1. Downhill slide. Expect U.S. capacity margins to decline over the next decade, although uncommitted resources may help reduce the shortfall. Source: NERC
 

It’s also a near-term problem, according to NERC. Capacity margins look as if they will drop below NERC’s regional target levels in ERCOT, MRO, New England, RFC, and the Rocky Mountain and Canadian areas of WECC "in the next two to three years, with other portions of the Northeastern U.S., Southwest, and Western U.S. reaching minimum levels later in the 10-year period." Only the Southeast looks like it will have adequate capacity margins through 2015 (Figure 2).

2. Working without a net. Electricity supply margins are projected to fall below minimum target levels in the next few years. For those regions with tight supplies, the first year is when additional generating resources are required; the second year is when additional generating resources, beyond uncommitted resources, are required. Source: NERC
 

Over 50,000 MW of what NERC calls "uncommitted resources" exist today. NERC describes these as generating projects "that either do not have firm contracts or a legal or regulatory requirement to serve load, lack firm transmission service or a transmission study to determine availability for delivery, are designated or classified as energy-only resources, or are in mothballed status because of economic considerations." Over the next 10 years, says NERC, uncommitted resources "will more than double." The commission says these resources "represent a viable source of incremental resources that can be used to meet minimum regional target levels."

Transmission trials. Then there’s transmission. Given the predicted increase in demand, will the grid be able to deliver the goods? NERC is pessimistic. "Expansion and strengthening of the transmission system continues to lag demand growth and expansion of generating resources in most areas," says the electric reliability organization.

Total transmission miles in the U.S. and Canada, says the report, "are projected to increase by less than 7% in the U.S. and 3.5% in Canada." Without more transmission investment, says NERC, "grid congestion will increase, making it more difficult for available supply to meet demands and to allow full utilization of capacity/demand diversity; in some situations, this can lead to supply shortages and involuntary customer interruptions."

The same short-term focus that has retarded development of new generation afflicts transmission, says NERC. "With a few exceptions, the present transmission planning horizon is five years or less. Proposed solutions tend to address short-term problems without looking to longer lead-time facility requirements." NERC adds that the provisions in EPAct that give the DOE the authority to streamline transmission projects may help ease transmission problems, although the department has yet to complete its designation of "national interest electric transmission corridors."

The human factor. The NERC report also cites the aging U.S. workforce as an obstacle to reliability, as the grid rests on "the accumulated experience and technical expertise of those who design and operate the system.
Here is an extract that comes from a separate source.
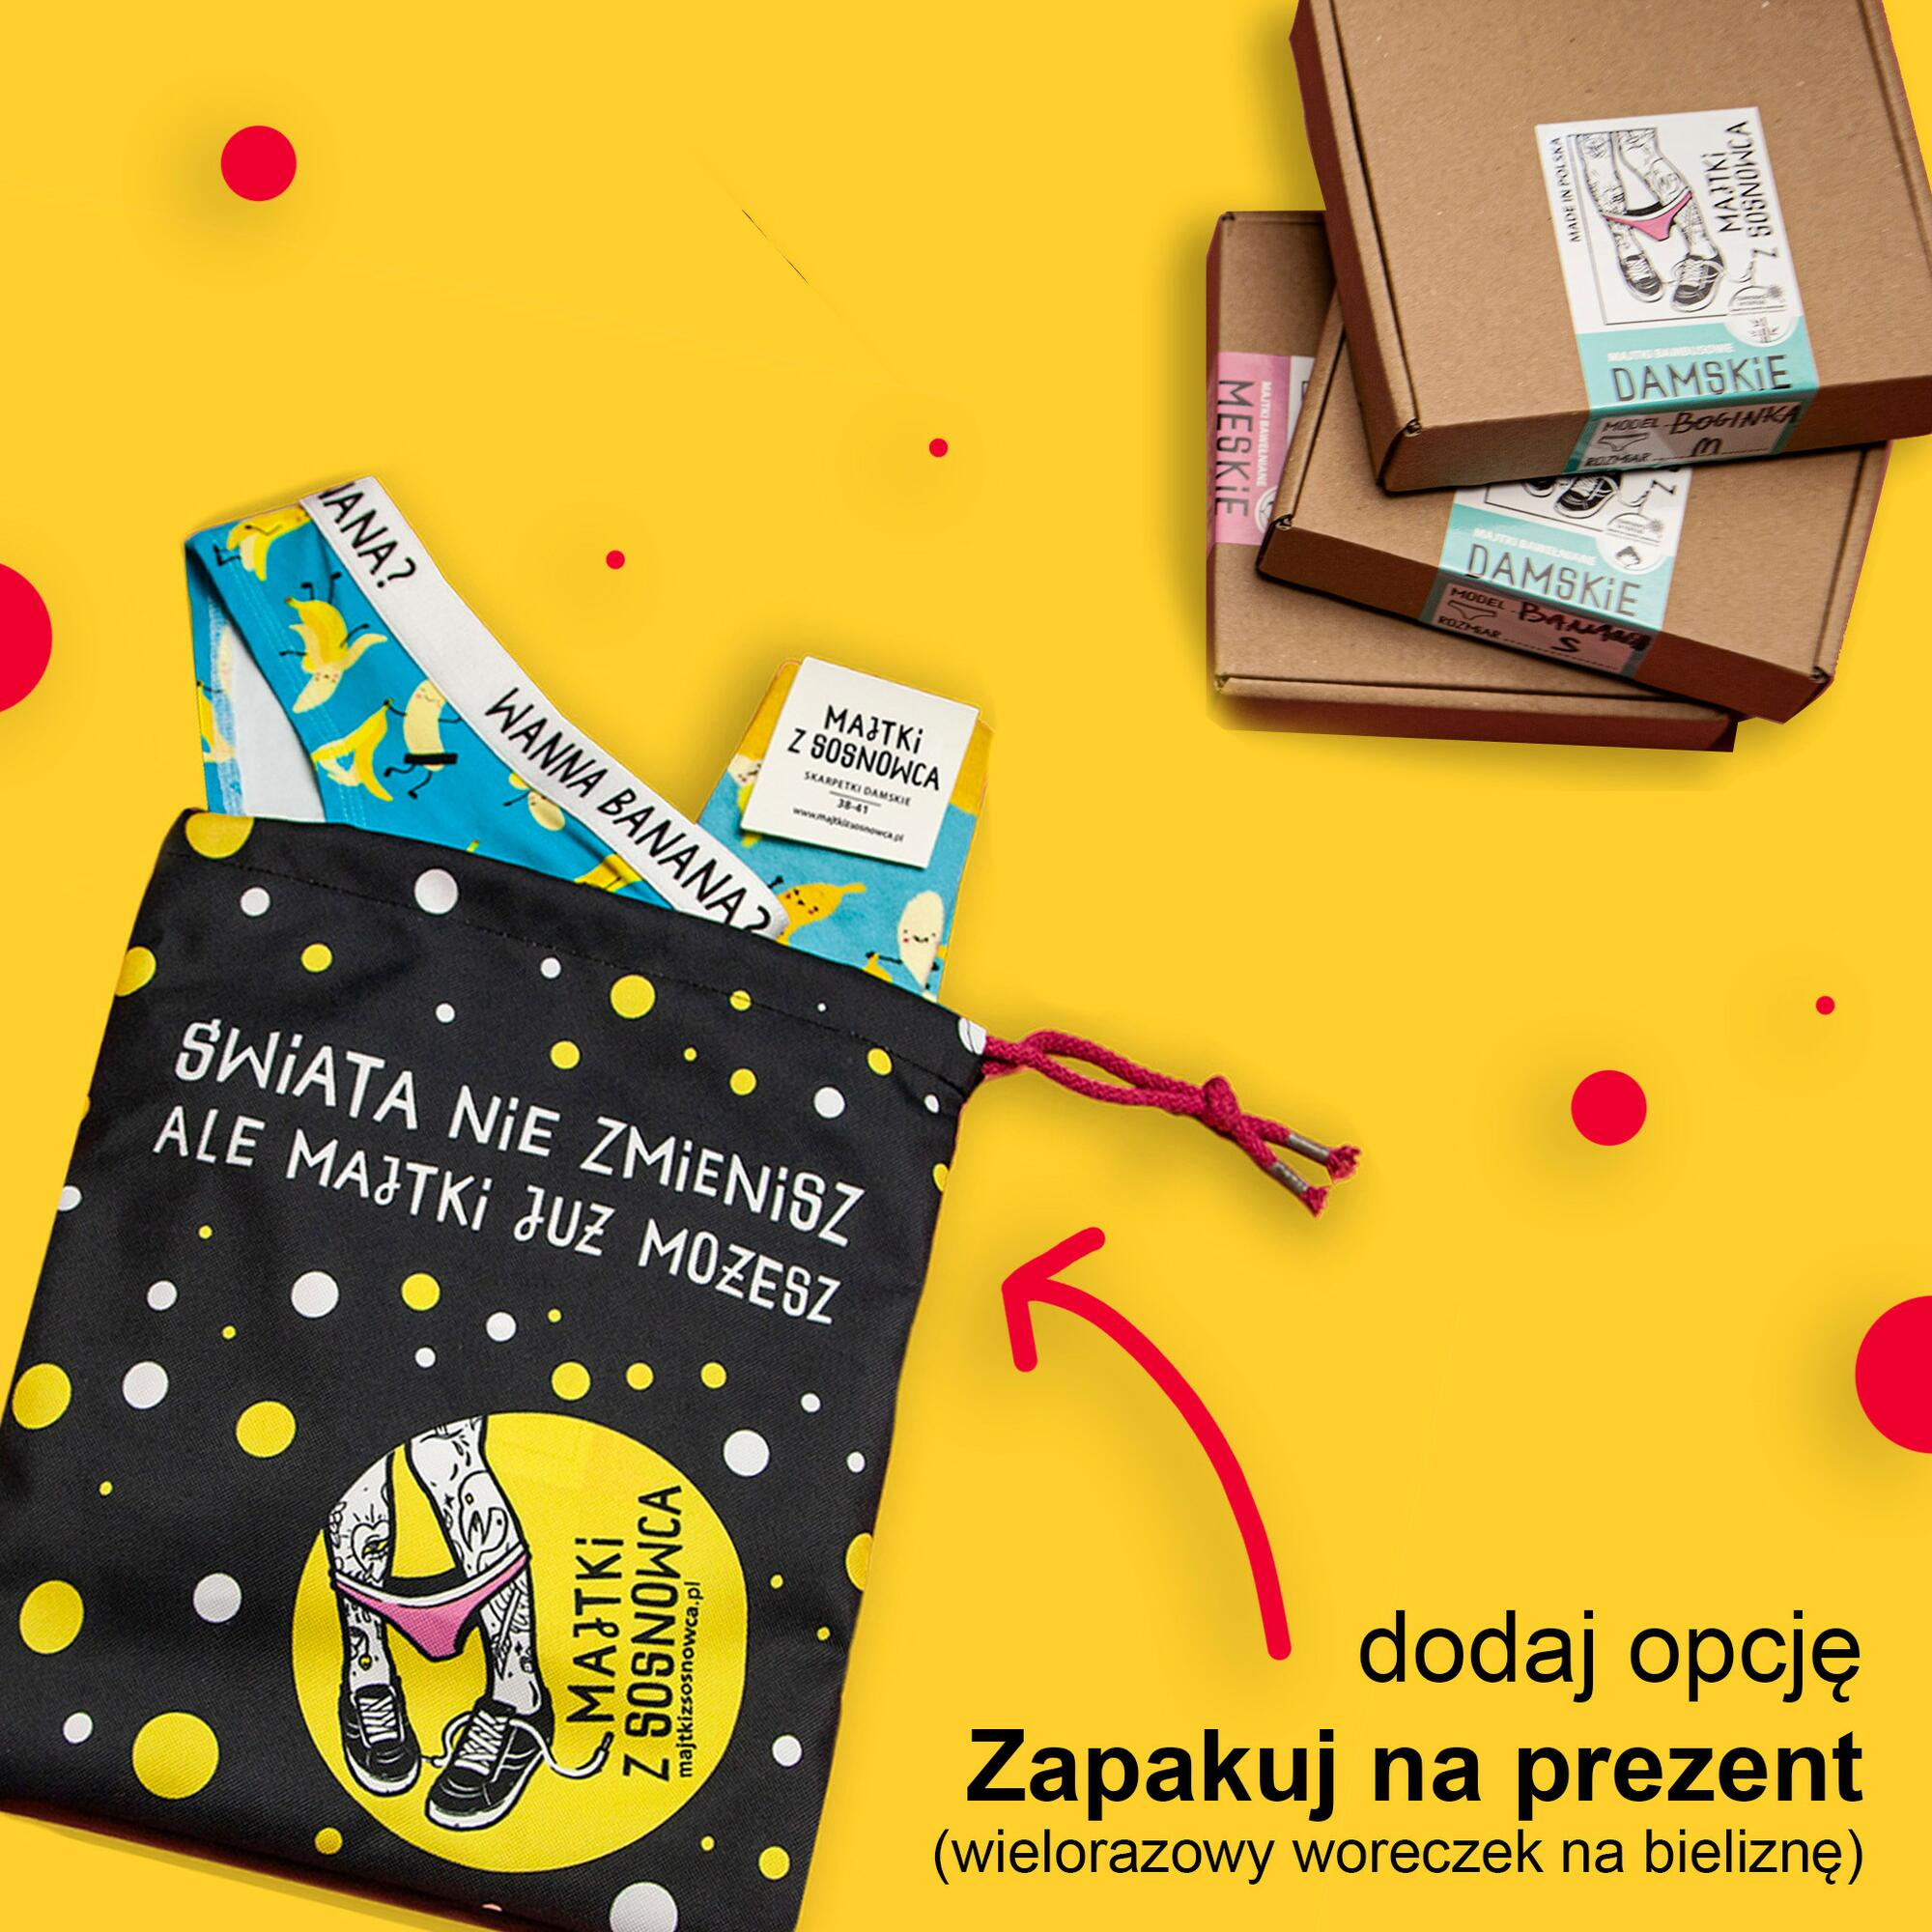 Kolarki - bawełniane - OCZY - Majtki z Sosnowca by After Panty   JestemSlow.pl
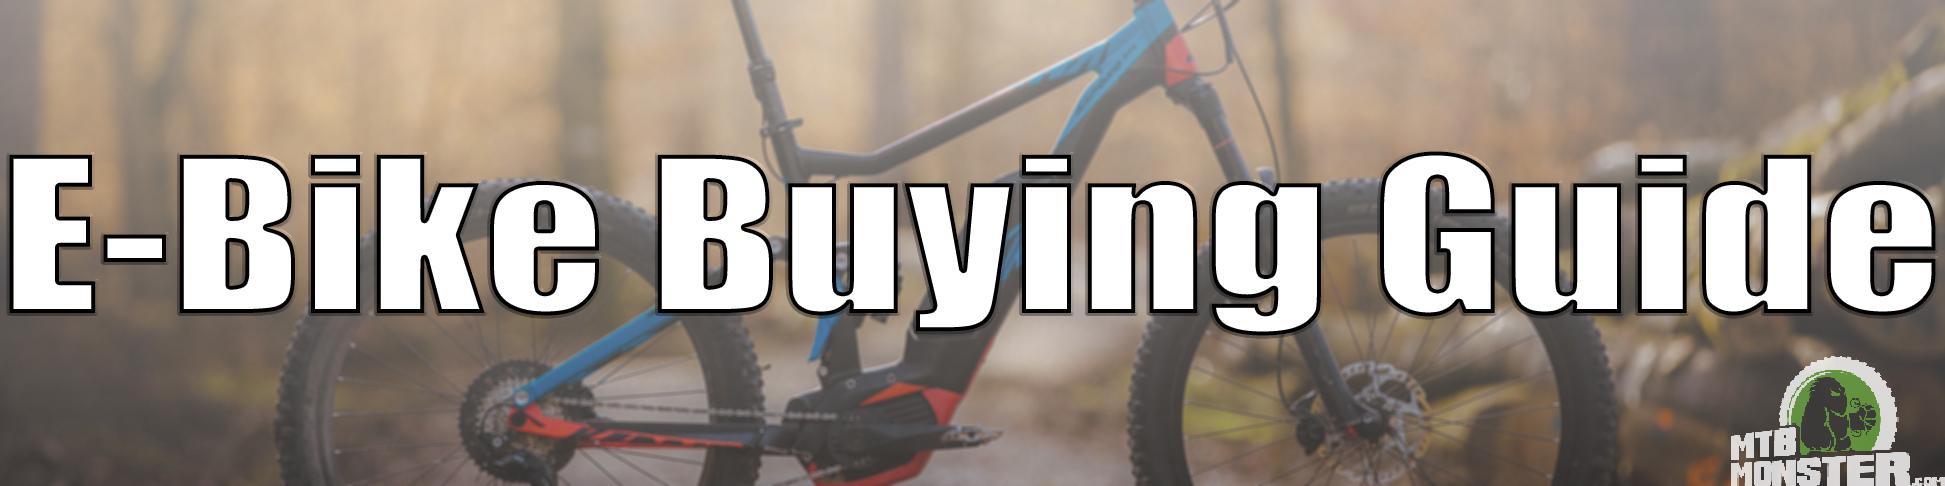 e-bike-buying-guide-from-mtb-monster-the-uk-leading-cube-lapierre-ktm-and-mondraker-e-mtb-dealer-2-.jpg

As the rapidly aging workforce leaves the industry over the next five-to-ten years, the challenge to the electric utility industry will be to fill this void." NERC says utilities need to "identify key personnel approaching retirement and establish mentoring programs to impart the experience realized by these individuals."

Utilities, says NERC, also need to "reassess compensation and benefits packages" so that they might be able to retain aging personnel full time or part time. Finally, says the report, the industry "as a whole needs to establish cooperative programs with academia to reinvigorate the power engineering education in North America."
 

Coal: Still a necessary evil

Will cheap Btus trump expensive CO2? That’s what appears to be driving power plant decisions on coal as a fuel for future generation. Differing guesses about the timing of CO2 controls appear to be what differentiates gencos planning to build a new generation of pulverized coal (PC)-fired plants (all of which seem to be supercritical designs) from those that advocate integrated gasification combined-cycle (IGCC) plants.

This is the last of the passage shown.